Changement de décor et de genre. « One Shot ! », de la compagnie éponyme, nous plonge dans un univers circassien des plus énergiques. Le duo d’acrobates commence par s’envoyer des morceaux de pomme dans la bouche de toutes les façons possible (du haut des gradins ou du mât, à l’aide d’une planche utilisée comme une catapulte, …) avant de se lancer un couteau entre les pieds puis des haches sur une planche harnachée dans le dos.
La Compagnie Tadam a sillonné le quartier du Théâtre National, de la place De Brouckère jusqu’à la rue Neuve, rencontrant les habitants, les commerçants, les associations. Le « compte rendu improvisé » que les trois comédiens (accompagnés d’un contrebassiste) en tirent s’intitule « Vous êtes d’ici » et constitue un instantané, une véritable tranche de vie de ce quartier avec des prostituées, les nuisances, les morts, les dealers de crack, le boucher Erwin, …
Pour prendre « La caravane de l’horreur » de la Compagnie Bakélite, il faut sortir du théâtre par le quai de déchargement pour gagner, on s’en doutait, une caravane garée dans la petite rue à l’arrière du bâtiment. Dix-sept personnes, pas une de plus pas la peine d’insister, s’entassent dans la dite caravane, « claustrophobes et cardiaques s’abstenir ». Dans la pénombre à peine dissipée par les deux lampes de poche confiées à des spectateurs, un drame se déroule. Pour éviter un animal sur la route, une voiture fait une embardée et emboutit un arbre. Une femme sort du véhicule et se dirige vers une borne téléphonique mais la forêt est pleine de menaces et de dangers. Difficile d’en dire plus sur cette pièce de théâtre d’objet sans éventer les surprises dont regorge ce petit bijou d’inventivité et d’humour noir.

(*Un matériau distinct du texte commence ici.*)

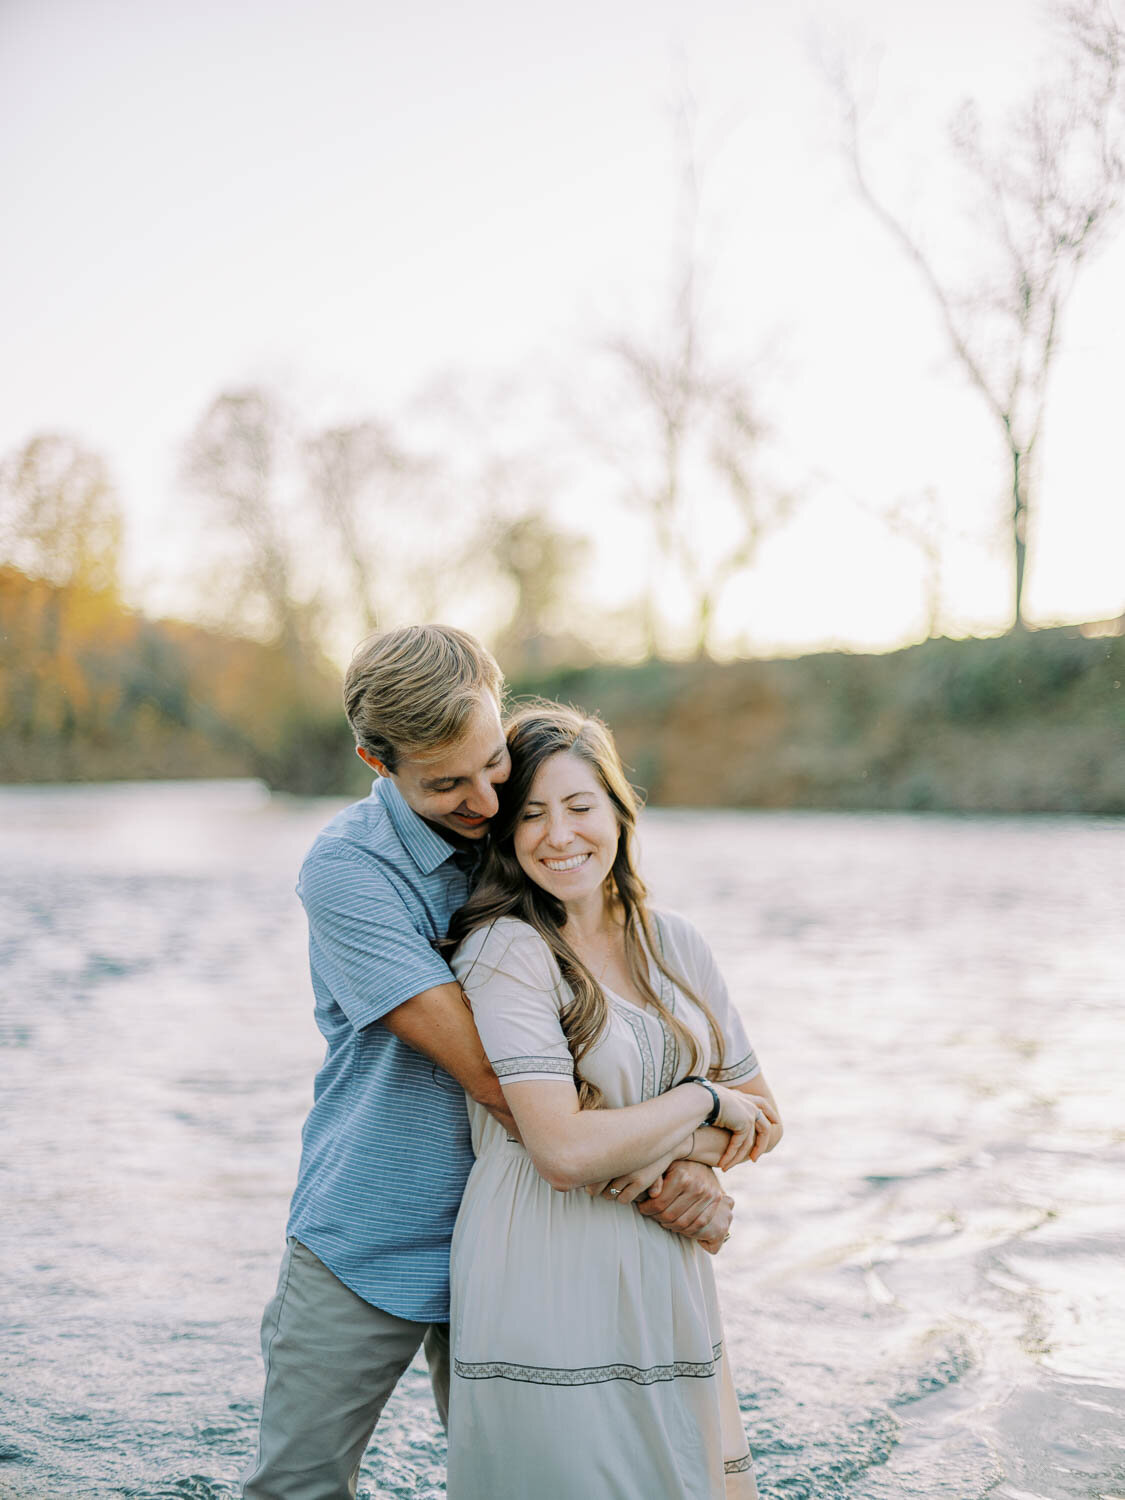 hugging-woman-from-behind-while-standing-in-rivanna-river-during-fall-engagement-session-at-golden-hour-in-charlottesville-virginia.jpg

Dans « Faux Départ », Ingrid Von Wantoch Rekowski s’attache aux postures, aux gestes typés, aux tics voire aux rituels qui entourent la pratique de l’athlétisme. Les saluts au public, le fait de tracer une ligne (de départ) au sol avec le pied avant de le frapper du plat de la semelle, le signe de croix avant le départ, la génuflexion dans les starting blocks avant le coup de pistolet ouvrant la compétition, tout s’agence dans une sorte de chorégraphie de l’athlétisme qui n’est pas dénuée d’humour.
« What you need to know » de Davis Freeman explore les tréfonds de l’âme humaine dans une société « surréaliste et violente ». Accompagné de trois performeurs, Davis Freeman évoque les attentats de Paris, des fusillades en Australie aux États-Unis et la tuerie au Musée Juif de Bruxelles, il estime nécessaire que vous sachiez comment utiliser une arme à feu, au cas où un terroriste laisserait tomber son arme à vos pieds. La saisir et l’utiliser pourrait vous sauver la vie et celle de vos proches. Commence alors un cours très pratique sur l’utilisation d’une Kalachnikov, d’un fusil à canon scié et d’un revolver. Ici, l’humour, certes cynique, sert le questionnement sur la propension de l’homme à tuer son prochain.
Autre petite perle du XS Festival, l’installation performative « L’objet de mon attention I : tout ce que je possède » réalisée par la Compagnie What’s Up explore nos rapports à l’objet. Entre une accumulatrice compulsive, voire maladive, et cet homme qui décide un jour de se débarrasser de tous ses avoirs à l’exception des 40 objets (vêtements compris) qui tiennent dans son sac, il y a une myriade de comportements liés à la possession, que ce soit la collection de porte-clés (la copocléphilie) ou le simple fait de vouloir emporter ce plaid défraîchi en maison de repos. La visite du musée raconte autant d’histoires, souvent très touchantes, toujours témoins d’un vécu lié à l’objet. En fin parcours, le spectateur est également invité à succomber au virus de la possession en passant par le giftshop.
XS Festival jusqu’au 16 mars au Théâtre National à Bruxelles, 02/203.53.03, www.theatrenational.be.